Phosphorus-33 is becoming more commonly used radionuclide with a half-life of 25.4 days, emitting only beta particles with a maximum energy of 0.249 MeV and an average energy of 0.083 MeV. The beta particles from P-33 travel a maximum of 46 cm in air.

CONCERNS
The major concern with using P-33 is that it cannot be easily monitored during it's use, therefore, special precautions are needed to keep the work environment clean.
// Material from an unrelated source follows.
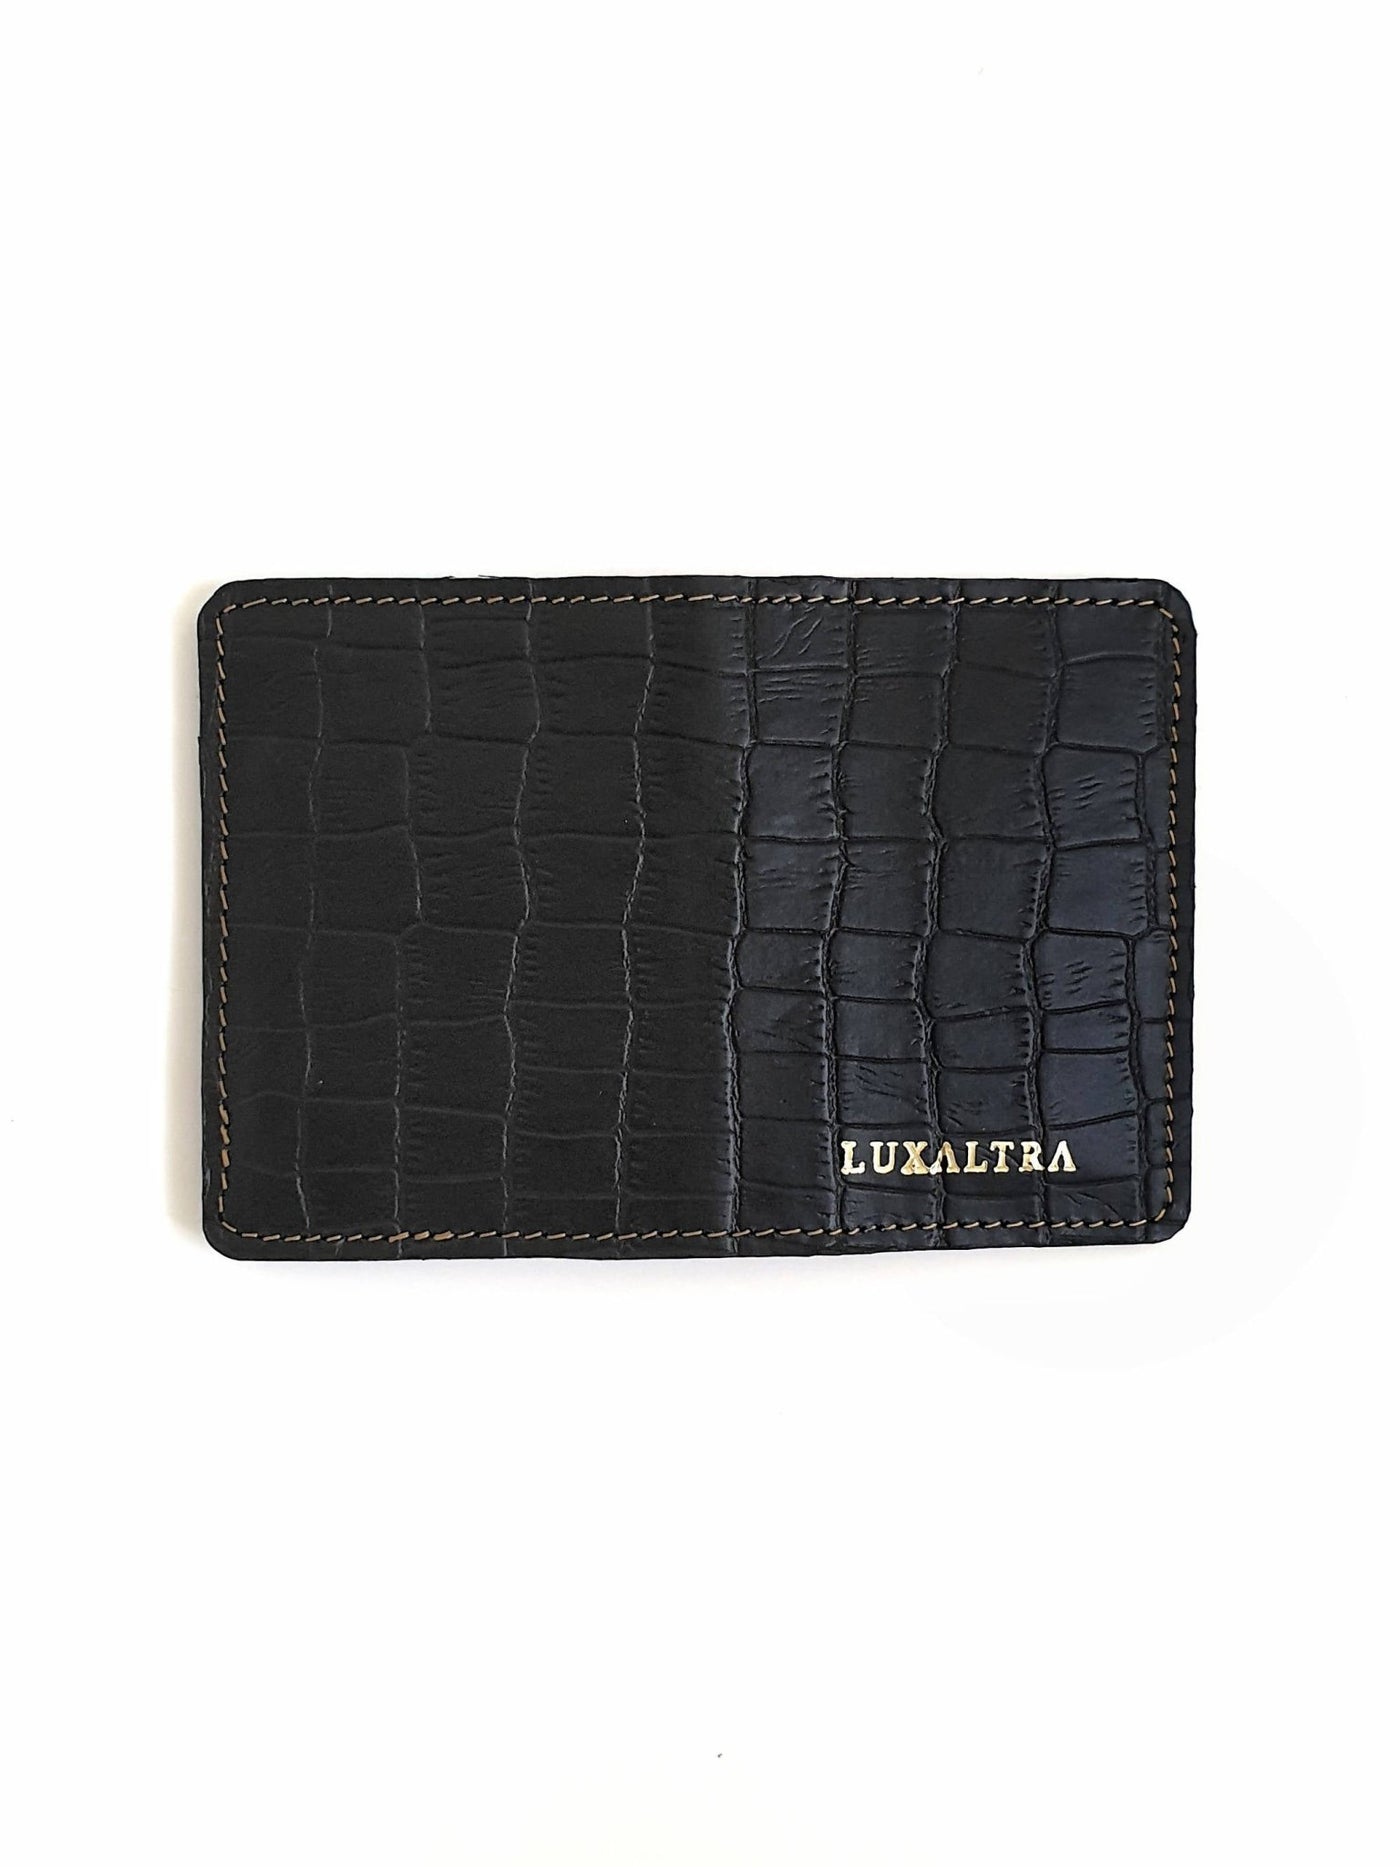 Luxaltra Pocket Bi-FOLD - Croc Black - Shop Zetu Kenya

The regular use of wipe testing is the only way of insure that your work space is not contaminated. Contamination on the skin will not likely cause a significant dose to the dead layer of skin, however, it could lead to the internal absorption of P-33.

SHIELDING
Glass and plastic are the best shields for beta particles from P-33. Lucite

DETECTION
A tiny drop of contamination from P-33 can be easily detected with a wipe test from a Liquid Scintillation Counter. Most Geiger Counters will not efficiently detect the presence of P-33.

Chromium-51

Chromium-51 is a commonly used radionuclide with a half-life of 27.7 days, emitting gamma rays with a maximum energy of 0.320 MeV (Million Electron Volts) and X-rays with a maximum of 5 KeV (Thousand Electron Volts.)

CONCERNS
The major concern with using Cr-51 is radiation exposure in air over an unshielded vial. The dose rate at the opening of an unshielded vial containing 1 millicurie of Cr-51 can be 180 millirems per hour.
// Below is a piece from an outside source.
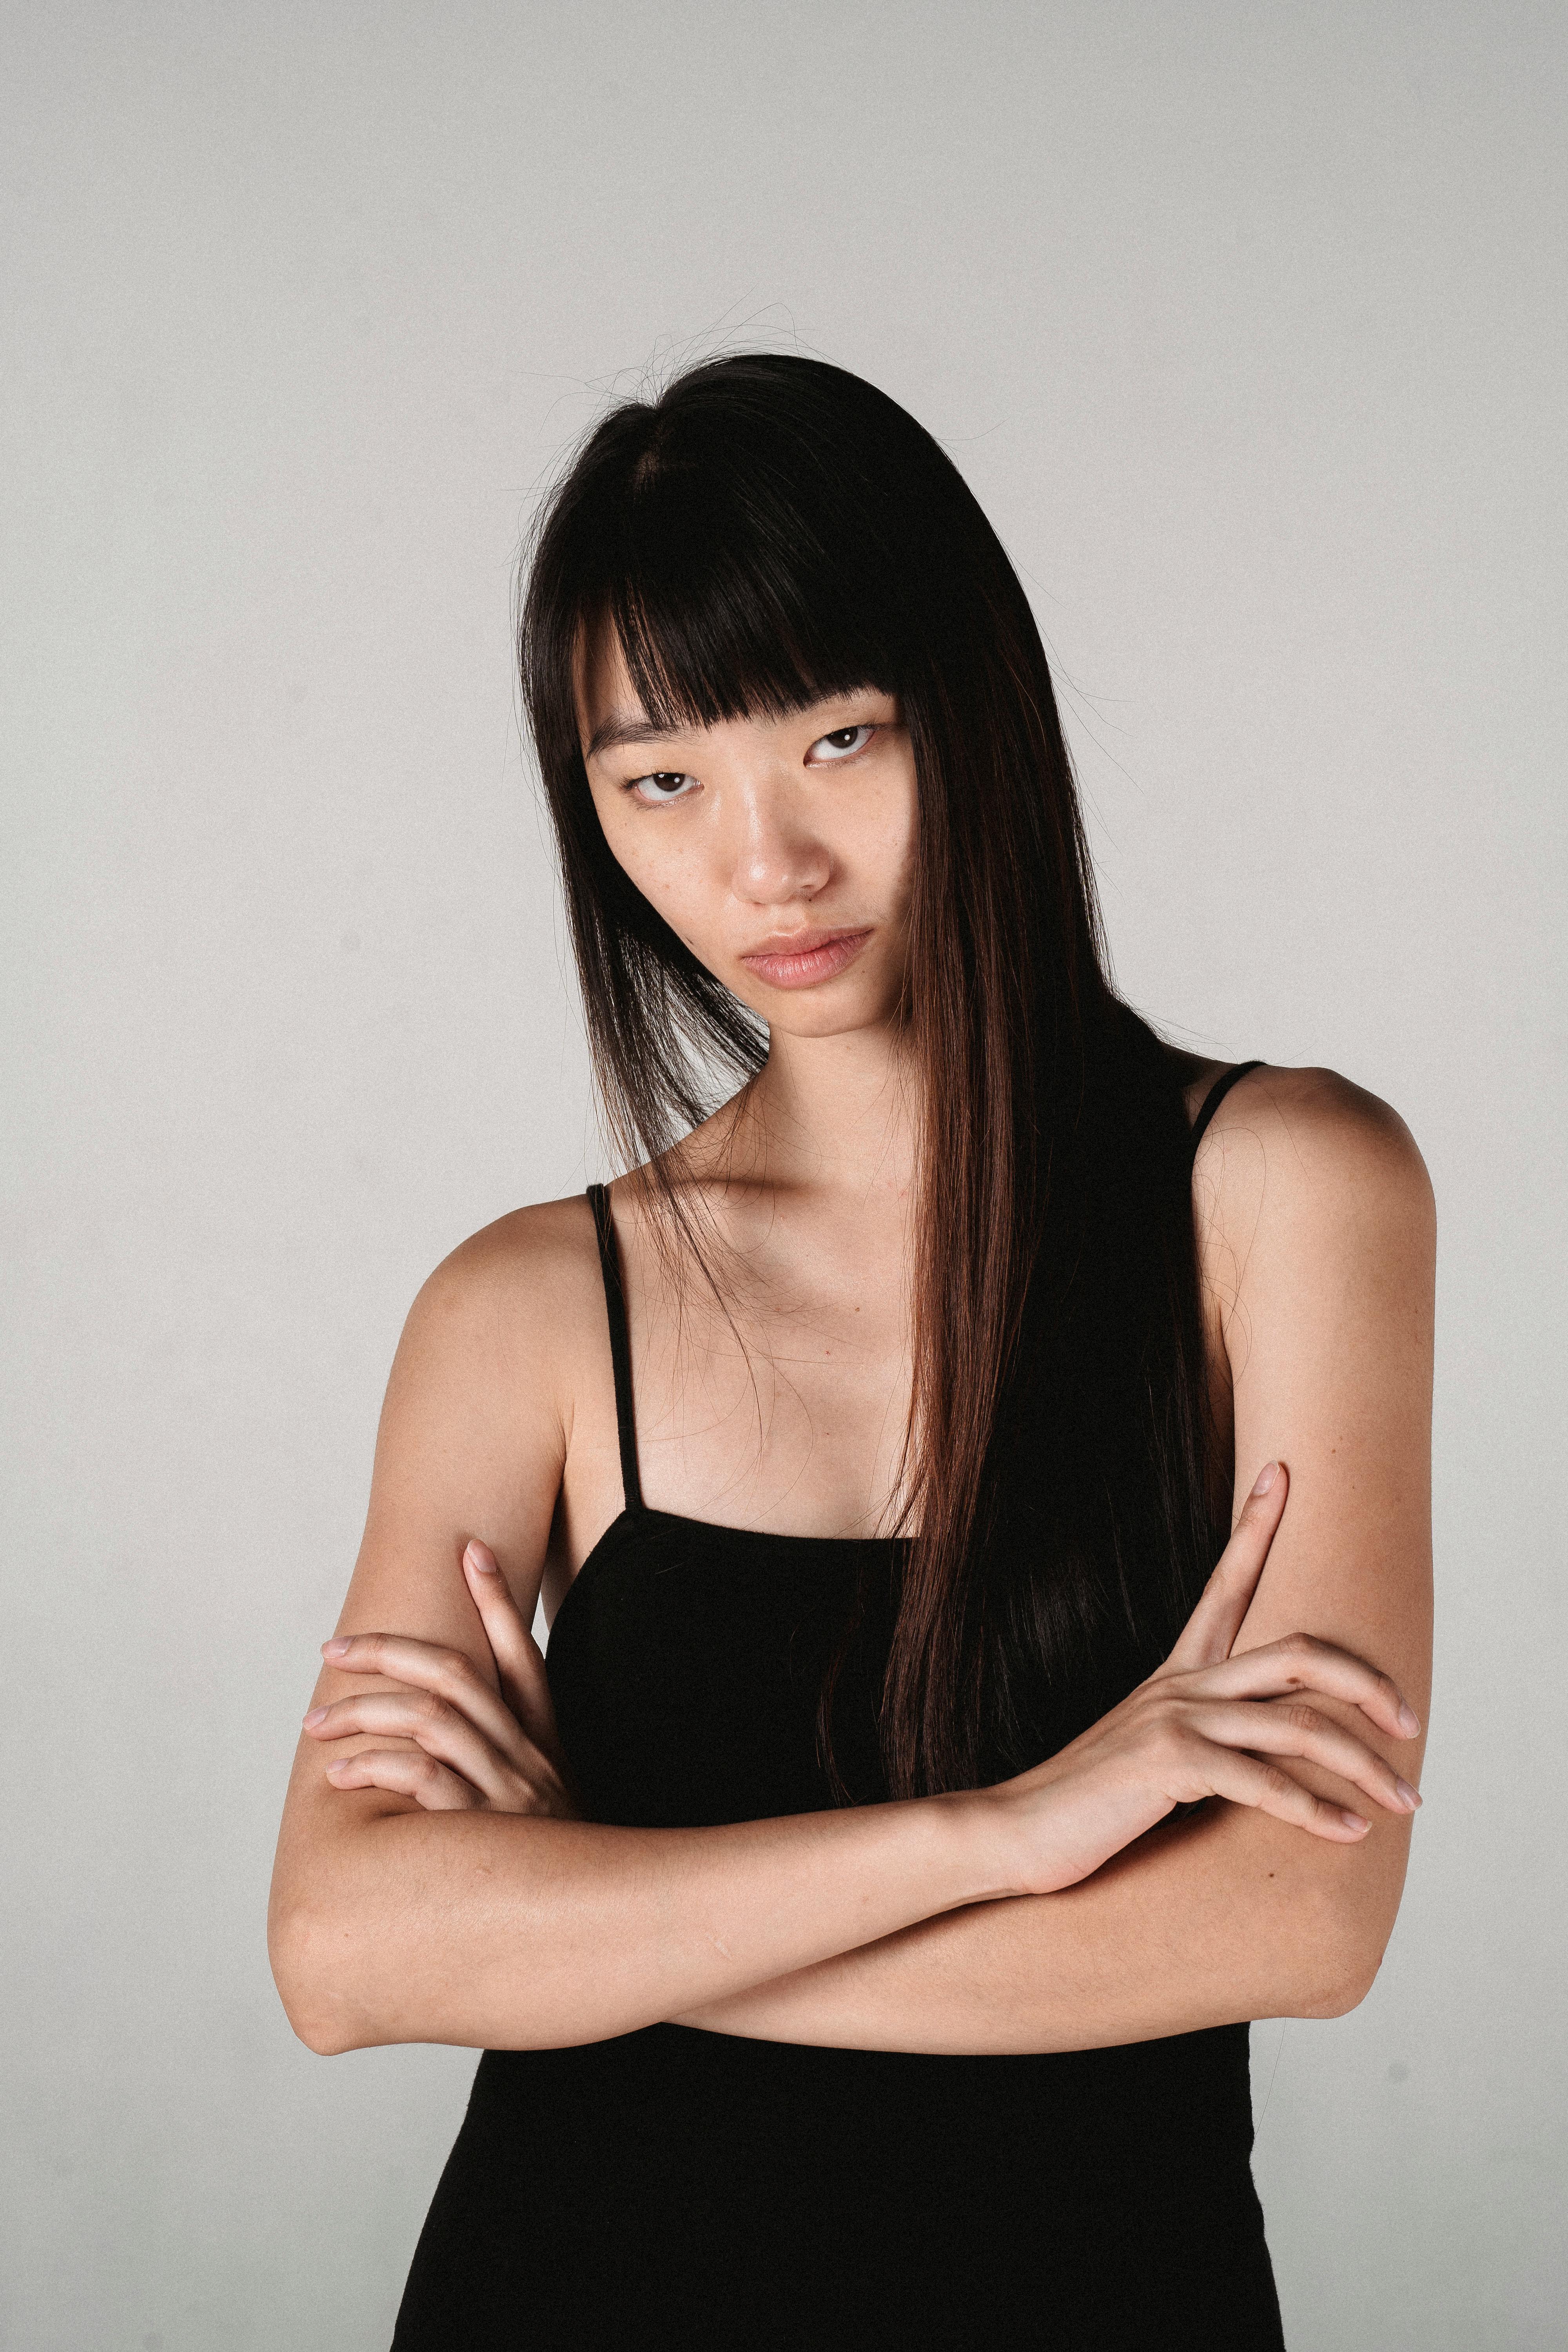 Beautiful Young Asian Woman Bodysuit Black Stock Photo 1022008762

One millicurie=2.22 x 109 dpm (disintegrations per minute) This means that the quarterly NRC limit of 18,250 millirems for the hands would be reached in 101 hours.

SHIELDING
Lead foil or lead bricks are the best shields for gamma rays from Cr-51. The half value layer for Cr-51 gamma rays in Lead is 1.7mm., i.e. every 1.7 mm. of Lead reduces the Cr-51 gamma ray beam by 50%. You may order foil from the following web address: Lead Foil or Lead Bricks

DETECTION
A tiny drop of contamination containing Cr-51 can be easily detected with a Geiger Counter.

Iodine-125

Iodine-125 is a commonly used radionuclide with a half-life of 60 days, emitting gamma rays with a maximum energy of 0.035 MeV and X-rays with a maximum of 31 KeV (Thousand Electron Volts.)

CONCERNS
The major concern with using I-125 is Radiation exposure in air over an unshielded vial. The dose rate at the opening of an unshielded vial containing 1 millicurie of I-125 can be 1,400 millirems per hour. Unlabelled I-125 is very volatile in air and must be used in a fume hood. When performing iodinations using millicurie amounts, a thyroid check must be performed by the RSO within 72 hours. Call the Radiation Safety Department.

SHIELDING
Lead foil is the best shield for gamma rays from I-125. The half value layer for I-125 gamma rays in Lead is 0.02 mm., i.e. every 1.7 mm. of Lead reduces the I-125 gamma ray beam by 50%. Lead Foil

DETECTION
A small drop of contamination containing I125 can be easily detected with a Sodium Iodide Detector.